▸ Exercise directions
Nothing in the listing should be altered when it is copied, and no picture goes into the copy.

▸ Information supplied
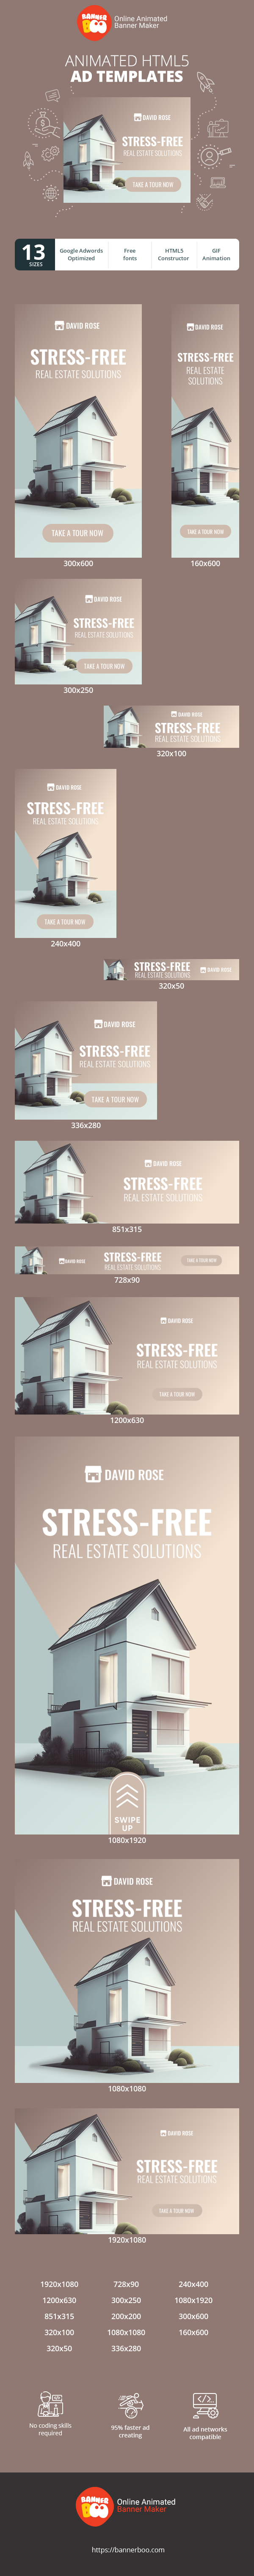 Szablon reklamy banerowej — Stress-free Real Estate Solutions — Real Estate
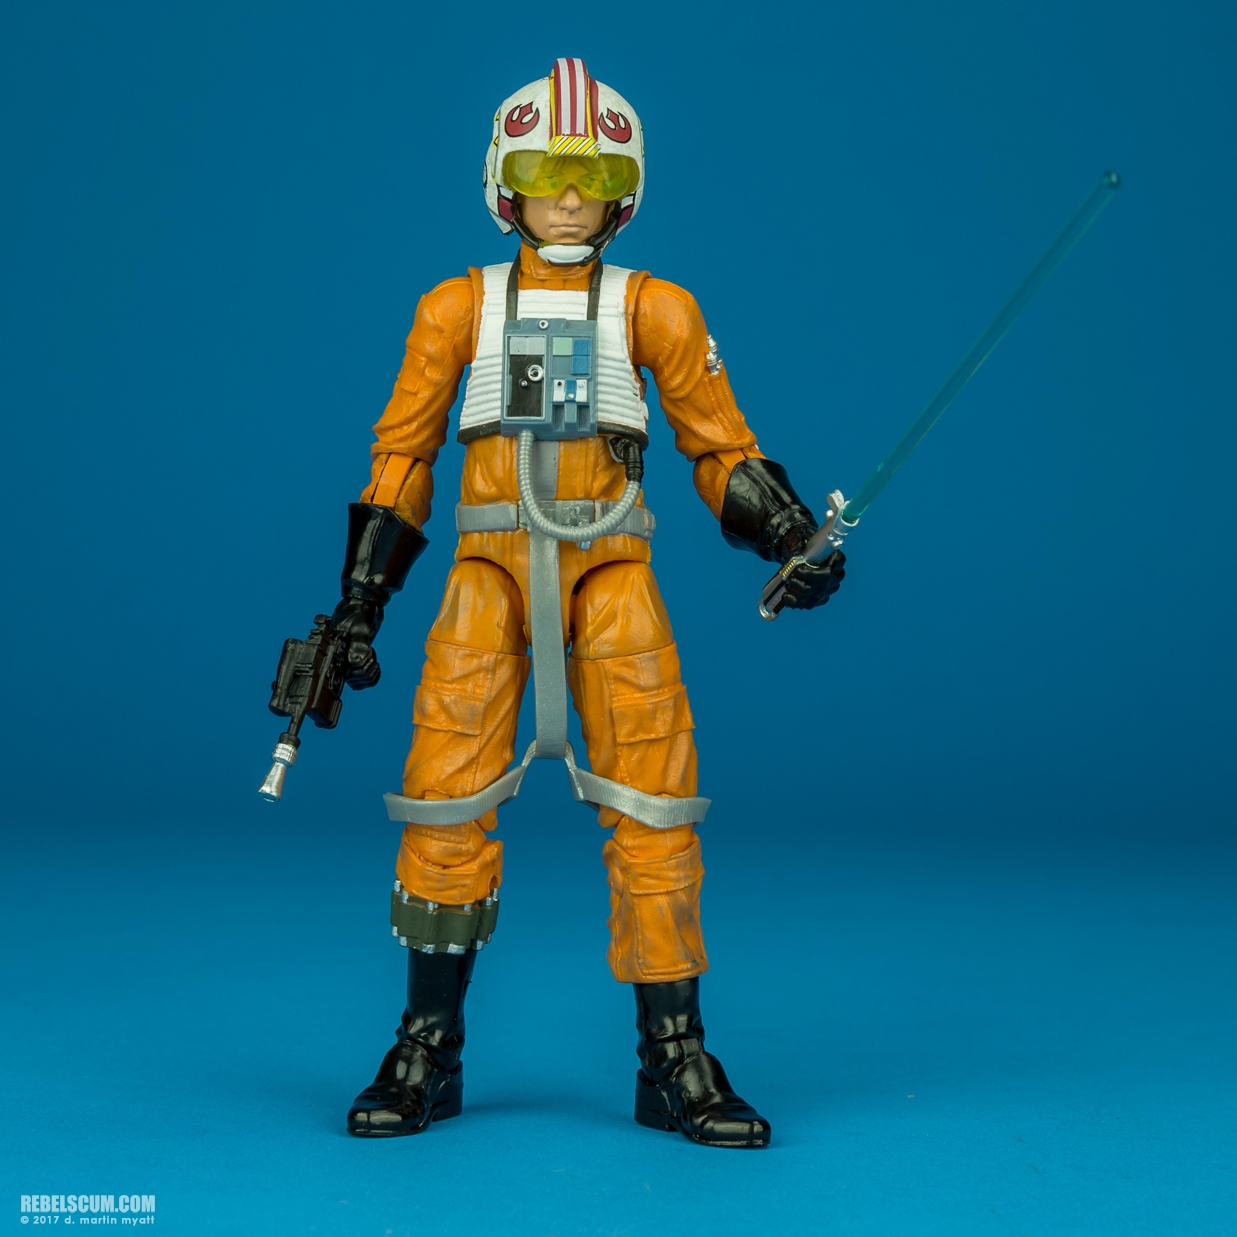 Luke-Skywalker-X-Wing-Pilot-40th-Anniversary-6-inch-013.jpg
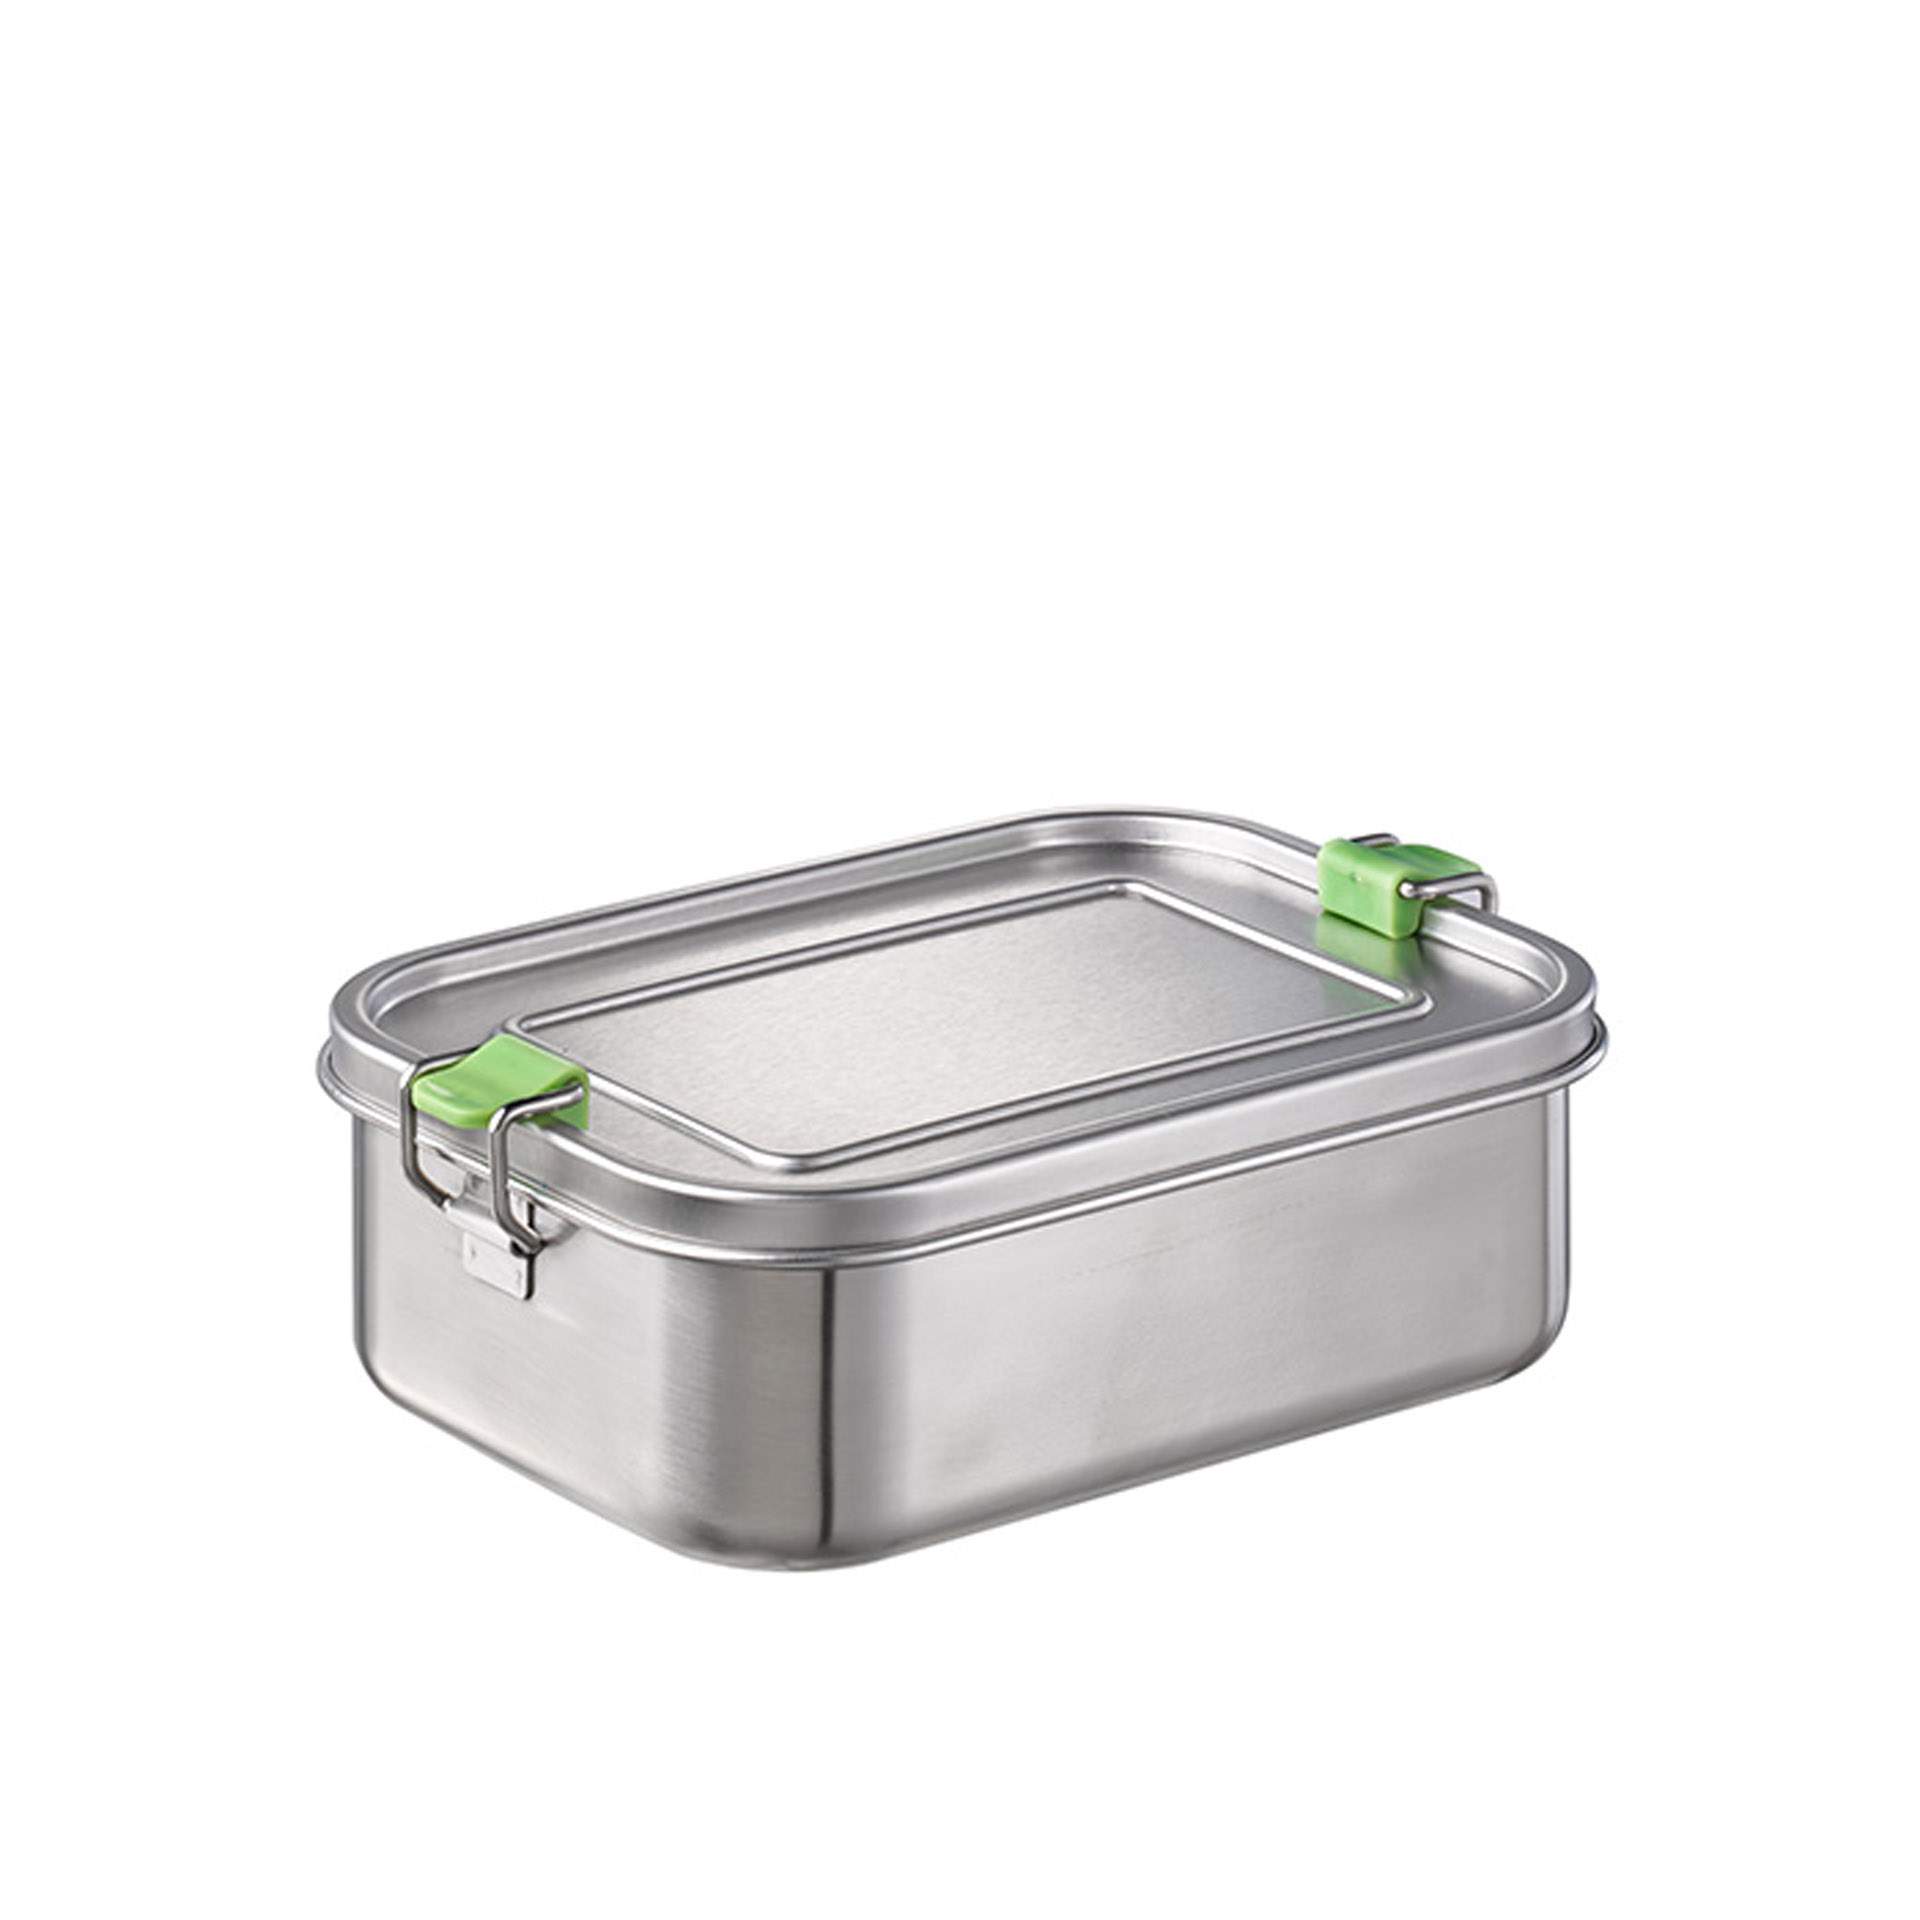 Lunchbox - L - Abm. 20,5 x 14,5 x 6,5 cm - Inhalt 1,1 l - Edelstahl - 66901-B

▸ Exercise result
 Szablon reklamy banerowej — Stress-free Real Estate Solutions — Real Estate
 Luke-Skywalker-X-Wing-Pilot-40th-Anniversary-6-inch-013.jpg
 Lunchbox - L - Abm. 20,5 x 14,5 x 6,5 cm - Inhalt 1,1 l - Edelstahl - 66901-B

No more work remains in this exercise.